• _TRY IT_: Could you please retype all of the entries exactly as they appear?

• _EXCERPTED RECORDS_:
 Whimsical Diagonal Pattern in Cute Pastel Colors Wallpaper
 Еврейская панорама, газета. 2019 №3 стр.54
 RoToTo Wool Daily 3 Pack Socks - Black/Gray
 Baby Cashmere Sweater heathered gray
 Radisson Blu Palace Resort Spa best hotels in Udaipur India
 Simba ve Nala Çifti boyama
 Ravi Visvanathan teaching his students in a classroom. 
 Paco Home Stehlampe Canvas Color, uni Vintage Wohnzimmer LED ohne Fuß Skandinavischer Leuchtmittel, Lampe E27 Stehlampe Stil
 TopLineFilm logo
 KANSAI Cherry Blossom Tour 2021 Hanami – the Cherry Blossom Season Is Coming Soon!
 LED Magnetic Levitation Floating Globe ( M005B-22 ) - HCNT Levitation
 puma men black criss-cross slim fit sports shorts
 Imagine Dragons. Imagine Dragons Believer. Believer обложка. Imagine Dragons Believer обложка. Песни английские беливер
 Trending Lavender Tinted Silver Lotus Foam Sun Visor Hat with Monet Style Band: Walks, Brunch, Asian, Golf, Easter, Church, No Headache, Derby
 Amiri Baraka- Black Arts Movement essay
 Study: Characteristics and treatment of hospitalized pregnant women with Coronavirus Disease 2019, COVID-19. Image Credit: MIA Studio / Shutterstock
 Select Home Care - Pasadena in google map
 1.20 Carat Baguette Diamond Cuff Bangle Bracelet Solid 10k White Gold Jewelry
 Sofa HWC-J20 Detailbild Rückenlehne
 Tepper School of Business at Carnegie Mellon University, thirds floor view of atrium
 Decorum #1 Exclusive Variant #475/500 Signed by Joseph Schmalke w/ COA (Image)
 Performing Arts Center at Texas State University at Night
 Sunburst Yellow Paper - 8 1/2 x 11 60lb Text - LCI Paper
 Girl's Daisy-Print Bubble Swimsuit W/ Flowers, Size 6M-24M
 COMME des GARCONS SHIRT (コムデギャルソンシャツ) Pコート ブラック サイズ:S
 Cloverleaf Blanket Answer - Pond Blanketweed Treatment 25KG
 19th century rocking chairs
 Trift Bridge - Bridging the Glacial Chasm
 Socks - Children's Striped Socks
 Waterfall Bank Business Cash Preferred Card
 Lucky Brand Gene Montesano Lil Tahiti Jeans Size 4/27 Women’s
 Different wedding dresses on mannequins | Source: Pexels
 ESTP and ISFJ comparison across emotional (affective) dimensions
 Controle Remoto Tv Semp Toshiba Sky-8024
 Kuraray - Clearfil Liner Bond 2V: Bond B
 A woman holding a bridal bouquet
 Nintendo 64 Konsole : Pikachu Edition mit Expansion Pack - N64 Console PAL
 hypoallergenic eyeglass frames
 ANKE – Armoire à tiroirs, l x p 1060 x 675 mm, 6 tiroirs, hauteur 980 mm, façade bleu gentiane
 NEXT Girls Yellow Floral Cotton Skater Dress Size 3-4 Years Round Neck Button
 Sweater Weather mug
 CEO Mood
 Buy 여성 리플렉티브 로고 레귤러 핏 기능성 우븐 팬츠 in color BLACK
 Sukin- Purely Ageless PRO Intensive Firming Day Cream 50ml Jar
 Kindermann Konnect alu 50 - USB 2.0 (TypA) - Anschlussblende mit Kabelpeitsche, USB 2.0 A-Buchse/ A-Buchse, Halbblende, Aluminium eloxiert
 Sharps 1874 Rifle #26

• _OUTPUT FOR THIS TASK_:
 Whimsical Diagonal Pattern in Cute Pastel Colors Wallpaper
 Еврейская панорама, газета. 2019 №3 стр.54
 RoToTo Wool Daily 3 Pack Socks - Black/Gray
 Baby Cashmere Sweater heathered gray
 Radisson Blu Palace Resort Spa best hotels in Udaipur India
 Simba ve Nala Çifti boyama
 Ravi Visvanathan teaching his students in a classroom. 
 Paco Home Stehlampe Canvas Color, uni Vintage Wohnzimmer LED ohne Fuß Skandinavischer Leuchtmittel, Lampe E27 Stehlampe Stil
 TopLineFilm logo
 KANSAI Cherry Blossom Tour 2021 Hanami – the Cherry Blossom Season Is Coming Soon!
 LED Magnetic Levitation Floating Globe ( M005B-22 ) - HCNT Levitation
 puma men black criss-cross slim fit sports shorts
 Imagine Dragons. Imagine Dragons Believer. Believer обложка. Imagine Dragons Believer обложка. Песни английские беливер
 Trending Lavender Tinted Silver Lotus Foam Sun Visor Hat with Monet Style Band: Walks, Brunch, Asian, Golf, Easter, Church, No Headache, Derby
 Amiri Baraka- Black Arts Movement essay
 Study: Characteristics and treatment of hospitalized pregnant women with Coronavirus Disease 2019, COVID-19. Image Credit: MIA Studio / Shutterstock
 Select Home Care - Pasadena in google map
 1.20 Carat Baguette Diamond Cuff Bangle Bracelet Solid 10k White Gold Jewelry
 Sofa HWC-J20 Detailbild Rückenlehne
 Tepper School of Business at Carnegie Mellon University, thirds floor view of atrium
 Decorum #1 Exclusive Variant #475/500 Signed by Joseph Schmalke w/ COA (Image)
 Performing Arts Center at Texas State University at Night
 Sunburst Yellow Paper - 8 1/2 x 11 60lb Text - LCI Paper
 Girl's Daisy-Print Bubble Swimsuit W/ Flowers, Size 6M-24M
 COMME des GARCONS SHIRT (コムデギャルソンシャツ) Pコート ブラック サイズ:S
 Cloverleaf Blanket Answer - Pond Blanketweed Treatment 25KG
 19th century rocking chairs
 Trift Bridge - Bridging the Glacial Chasm
 Socks - Children's Striped Socks
 Waterfall Bank Business Cash Preferred Card
 Lucky Brand Gene Montesano Lil Tahiti Jeans Size 4/27 Women’s
 Different wedding dresses on mannequins | Source: Pexels
 ESTP and ISFJ comparison across emotional (affective) dimensions
 Controle Remoto Tv Semp Toshiba Sky-8024
 Kuraray - Clearfil Liner Bond 2V: Bond B
 A woman holding a bridal bouquet
 Nintendo 64 Konsole : Pikachu Edition mit Expansion Pack - N64 Console PAL
 hypoallergenic eyeglass frames
 ANKE – Armoire à tiroirs, l x p 1060 x 675 mm, 6 tiroirs, hauteur 980 mm, façade bleu gentiane
 NEXT Girls Yellow Floral Cotton Skater Dress Size 3-4 Years Round Neck Button
 Sweater Weather mug
 CEO Mood
 Buy 여성 리플렉티브 로고 레귤러 핏 기능성 우븐 팬츠 in color BLACK
 Sukin- Purely Ageless PRO Intensive Firming Day Cream 50ml Jar
 Kindermann Konnect alu 50 - USB 2.0 (TypA) - Anschlussblende mit Kabelpeitsche, USB 2.0 A-Buchse/ A-Buchse, Halbblende, Aluminium eloxiert
 Sharps 1874 Rifle #26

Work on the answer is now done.